320A and 320B has a smaller mass per unit length and a larger mass per unit length. It is formed long.

In this configuration, the rack shafts 12C1 and 12C2 can be reduced in weight.

The steering device 100 includes rack shafts 12A, 12B1, 12B2, 12C1, 12C2, 12D1, 12D2, 12D3, 12E, and 12G, and an electric motor 21, and the rotational force of the electric motor 21 is passed through the second rack 125. This is an electric power steering device for transmitting to rack shafts 12A, 12B1, 12B2, 12C1, 12C2, 12D1, 12D2, 12D3, 12E, and 12G.

In this configuration, since the rack shafts 12A, 12B1, 12B2, 12C1, 12C2, 12D1, 12D2, 12D3, 12E, and 12G that have been reduced in weight are provided, the steering device 100 can be reduced in weight.

The embodiment of the present invention has been described above. However, the above embodiment only shows a part of application examples of the present invention, and the technical scope of the present invention is limited to the specific configuration of the above embodiment. Absent.

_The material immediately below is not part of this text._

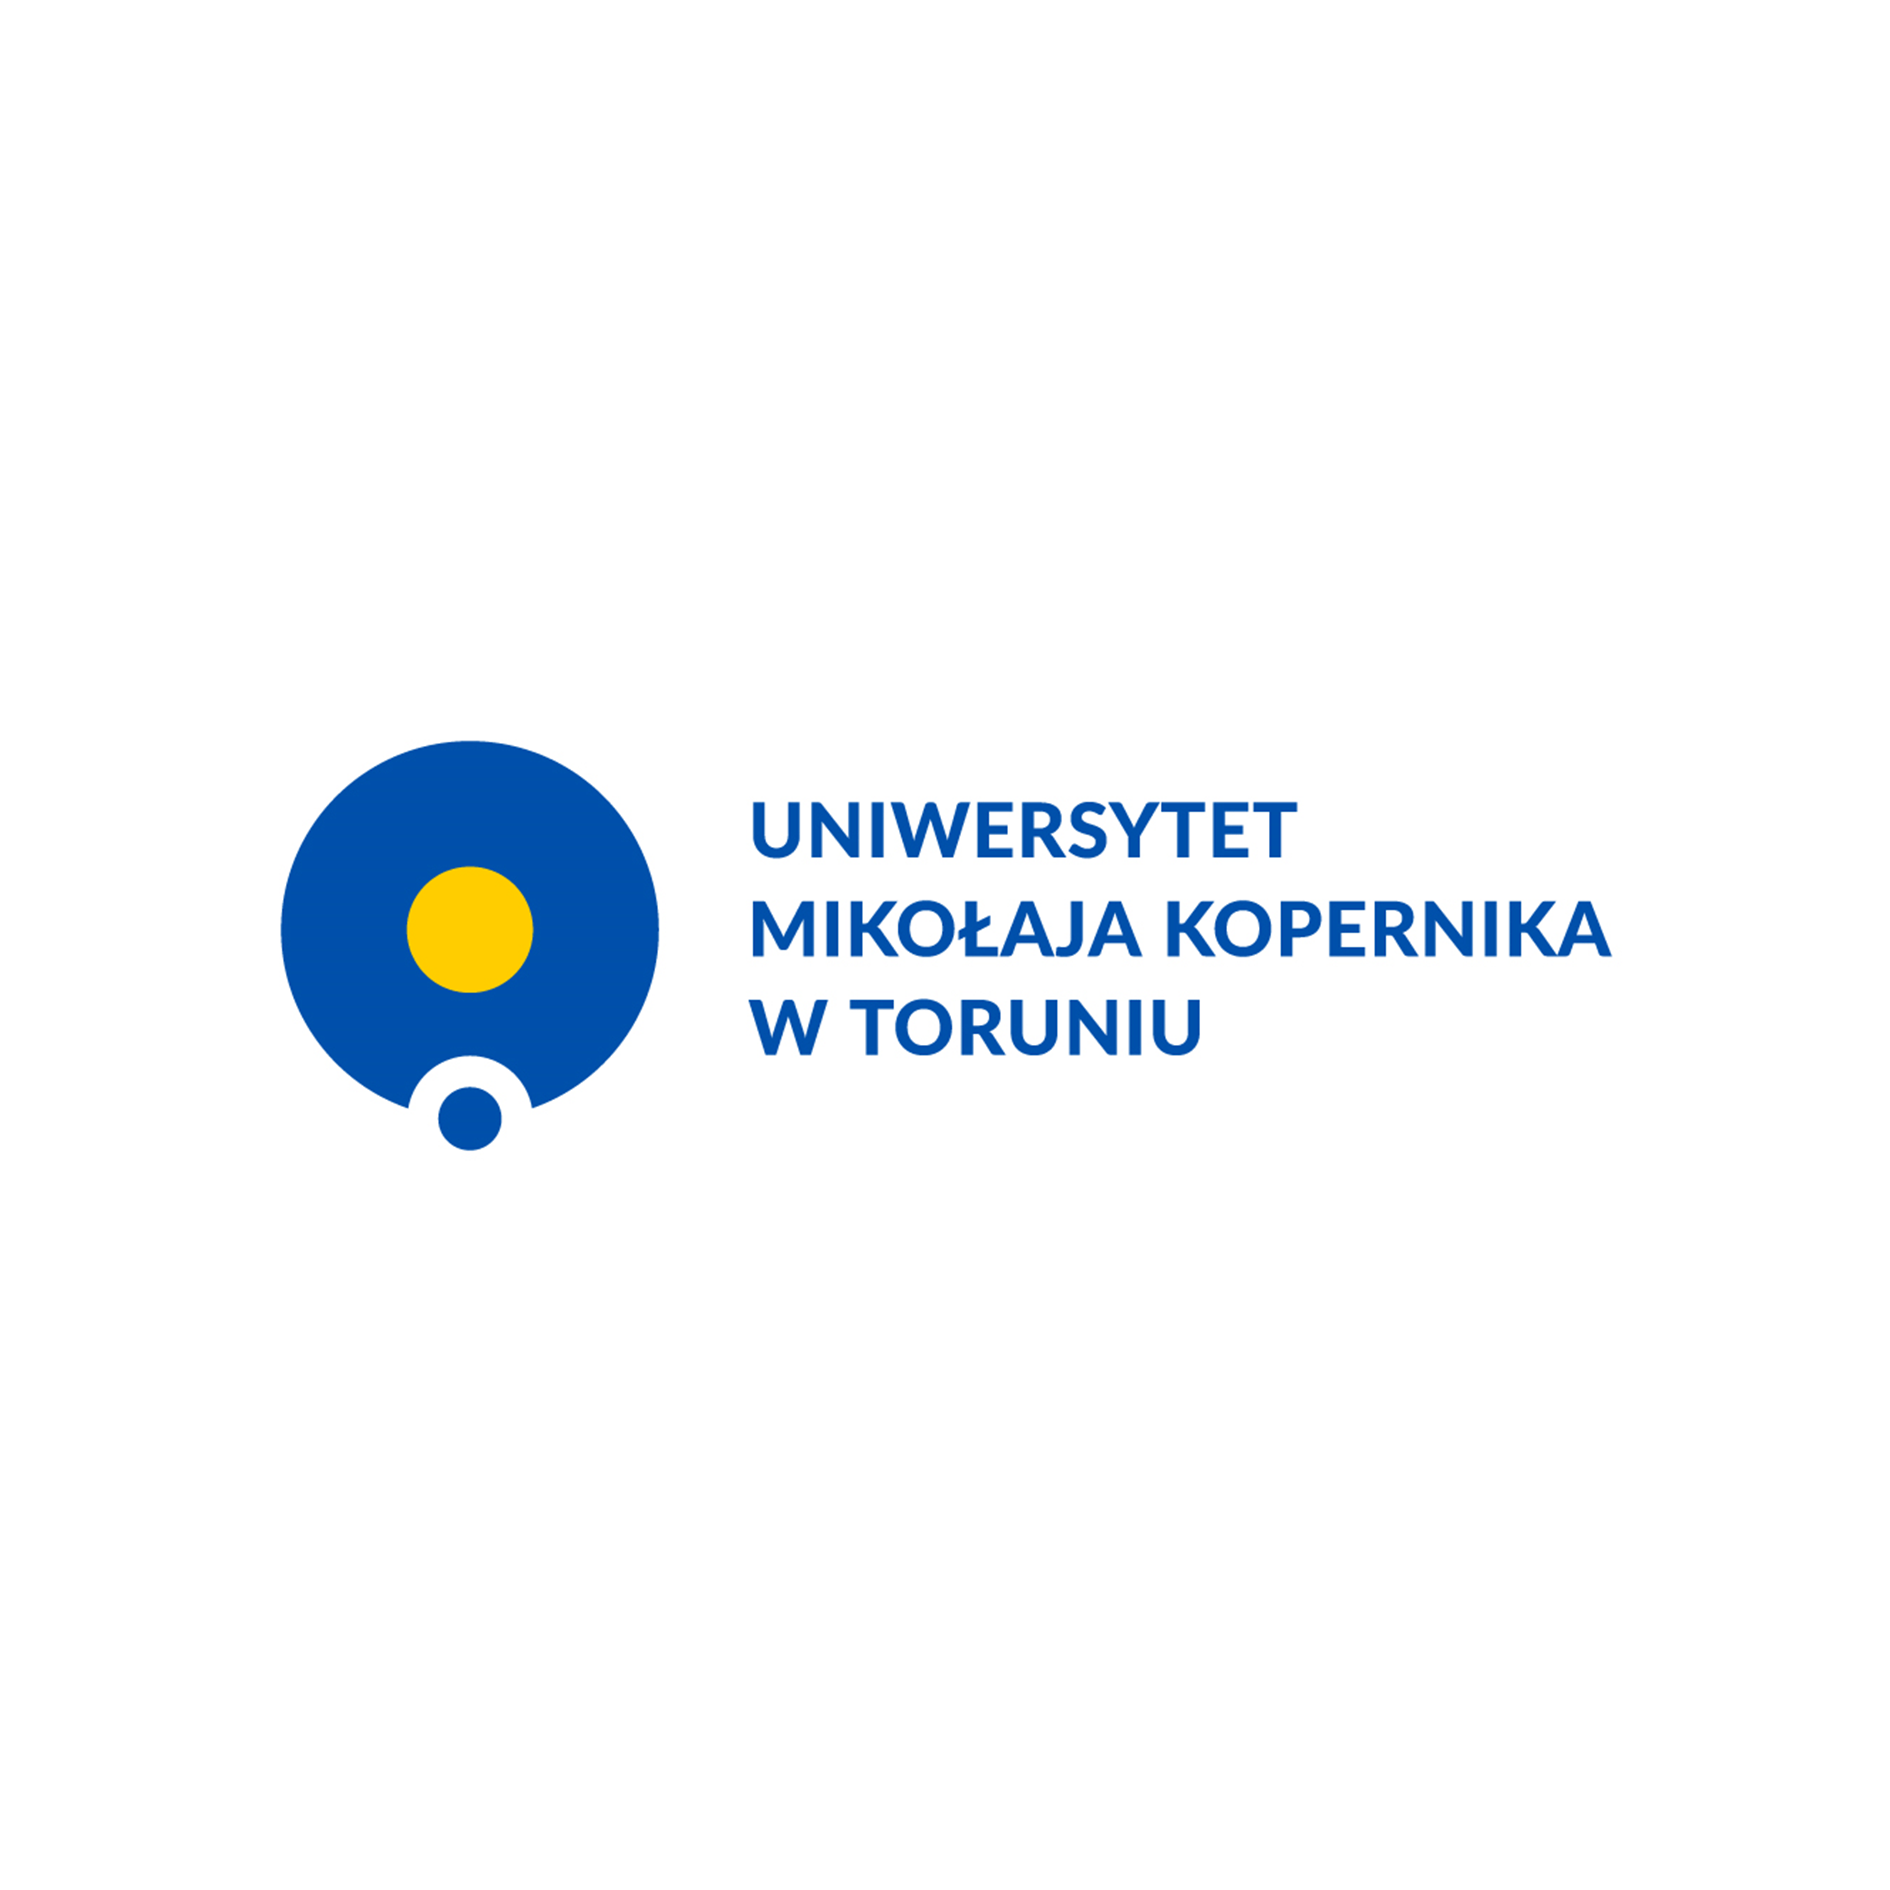 The Institute of Physics at Nicolaus Copernicus University specialises in photonics, quantum physics, atomic and molecular physics and their applications.

This application claims priority based on Japanese Patent Application No. 2017-068413 filed with the Japan Patent Office on March 30, 2017, the entire contents of which are incorporated herein by reference.

Claims

A first shaft formed with a first rack that meshes with a first pinion that rotates as the steering wheel is steered;
A second rack that meshes with a second pinion that is rotated by an electric motor, and a second shaft that is coupled to the first shaft; and
A rack shaft, wherein an outer diameter of the first shaft and an outer diameter of the second shaft are different from each other.
The rack shaft according to claim 1, wherein
A rack shaft having an outer diameter of the first shaft smaller than an outer diameter of the second shaft.
The rack shaft according to claim 1, wherein
The rack shaft is eccentric with respect to the central axis of the first axis.
The rack shaft according to claim 1, wherein
A rack shaft in which one of the first shaft and the second shaft having a smaller mass per unit length is formed longer than the other shaft having a larger mass per unit length.
A rack shaft according to claim 1;
An electric motor,
An electric power steering device for transmitting a rotational force of the electric motor to the rack shaft via the second rack.